### What to work on:
Each line of the material should be set down exactly. Pictures are not part of the copy.

### Provided material:
--- START ---

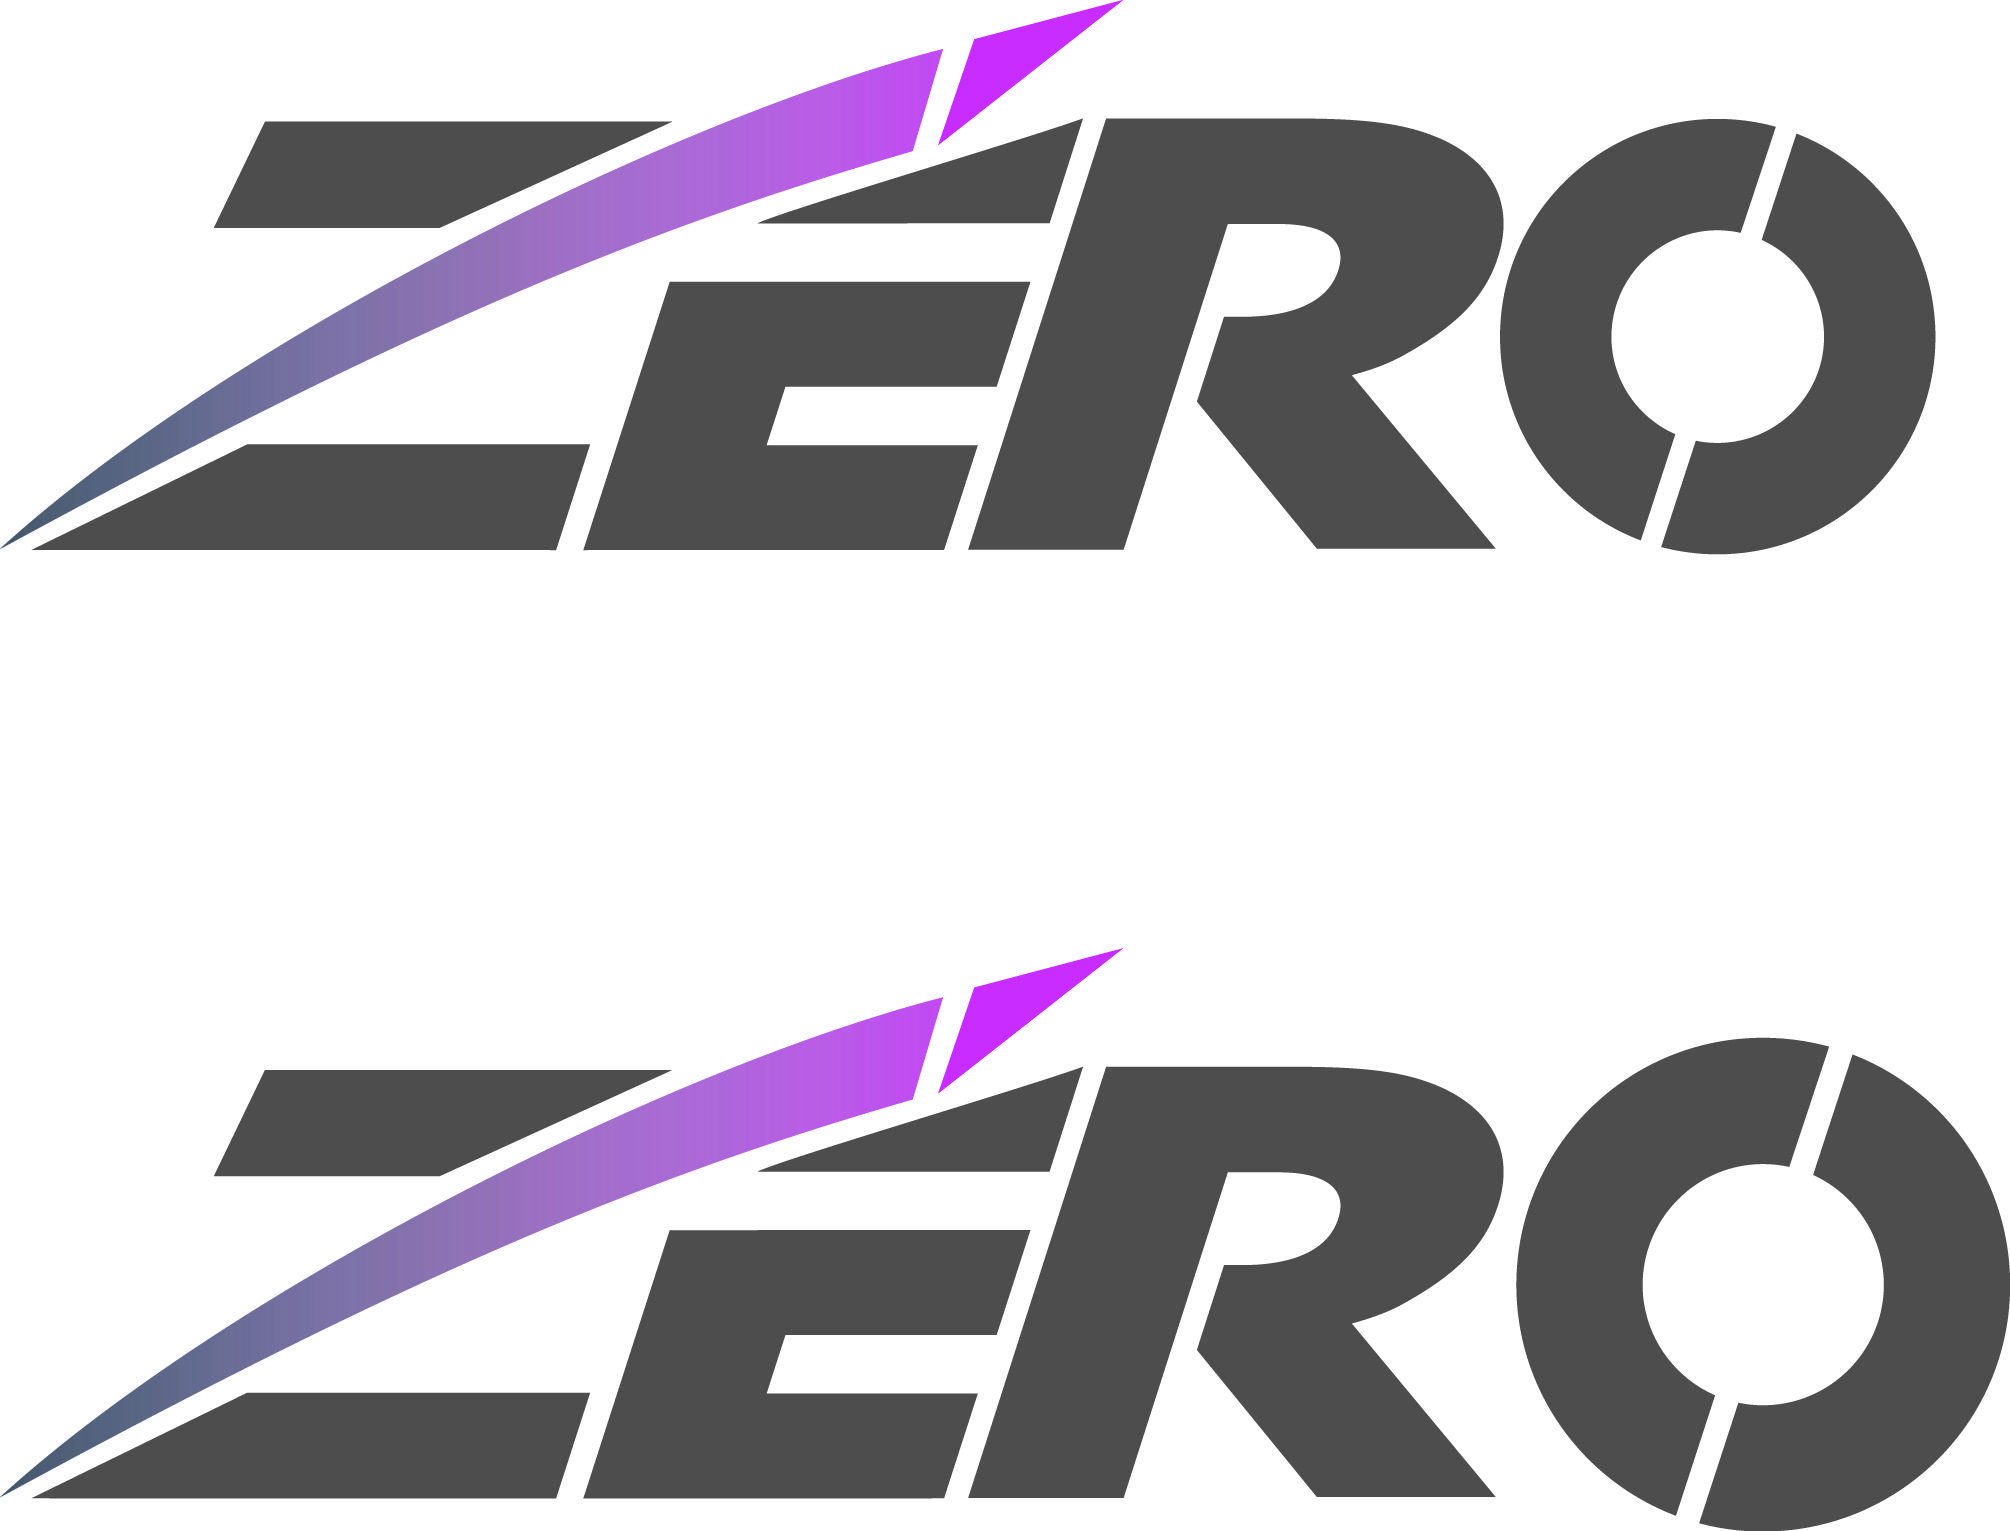 Zero Logo - Index of /Images/Zero/logos
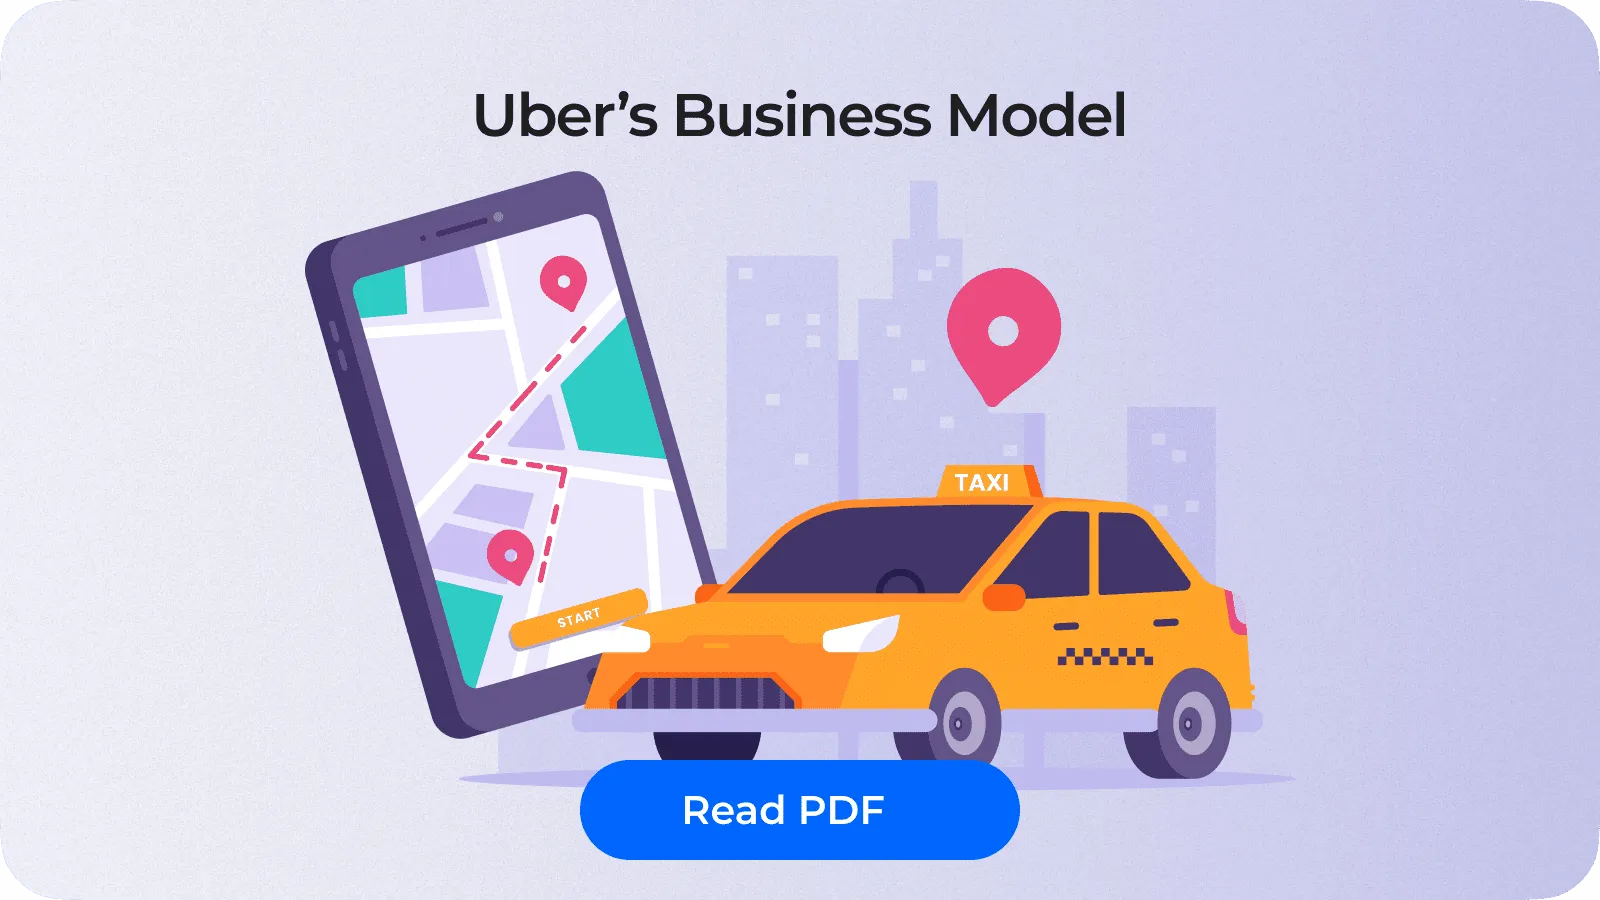 Uber's Business Model Canvas
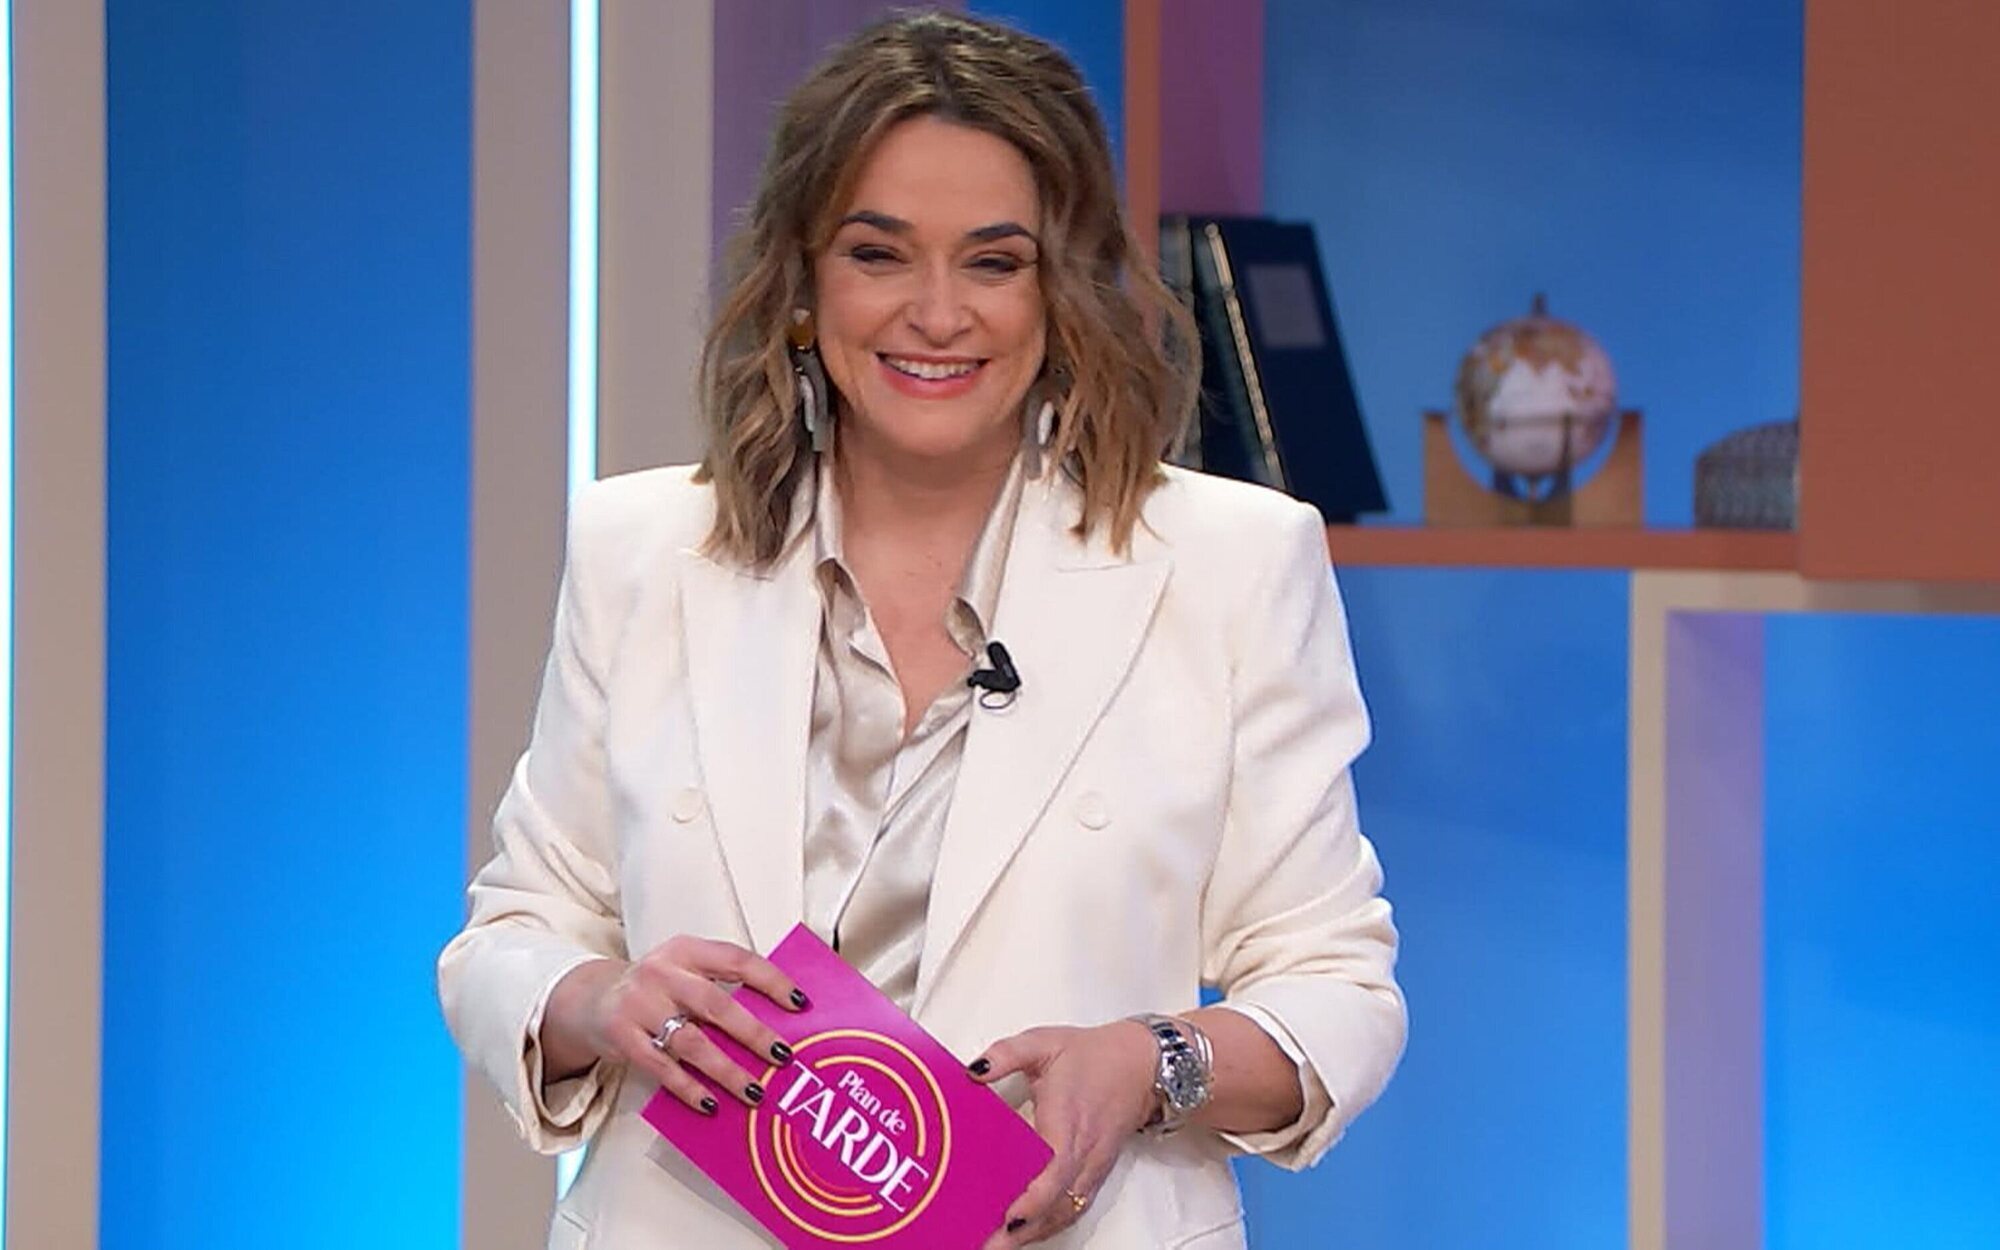 Adiós al 'Plan de tarde' de Toñi Moreno: RTVE cancela por sorpresa el programa de La 1

--- END ---

### Result:
 Zero Logo - Index of /Images/Zero/logos
 Uber's Business Model Canvas
 Adiós al 'Plan de tarde' de Toñi Moreno: RTVE cancela por sorpresa el programa de La 1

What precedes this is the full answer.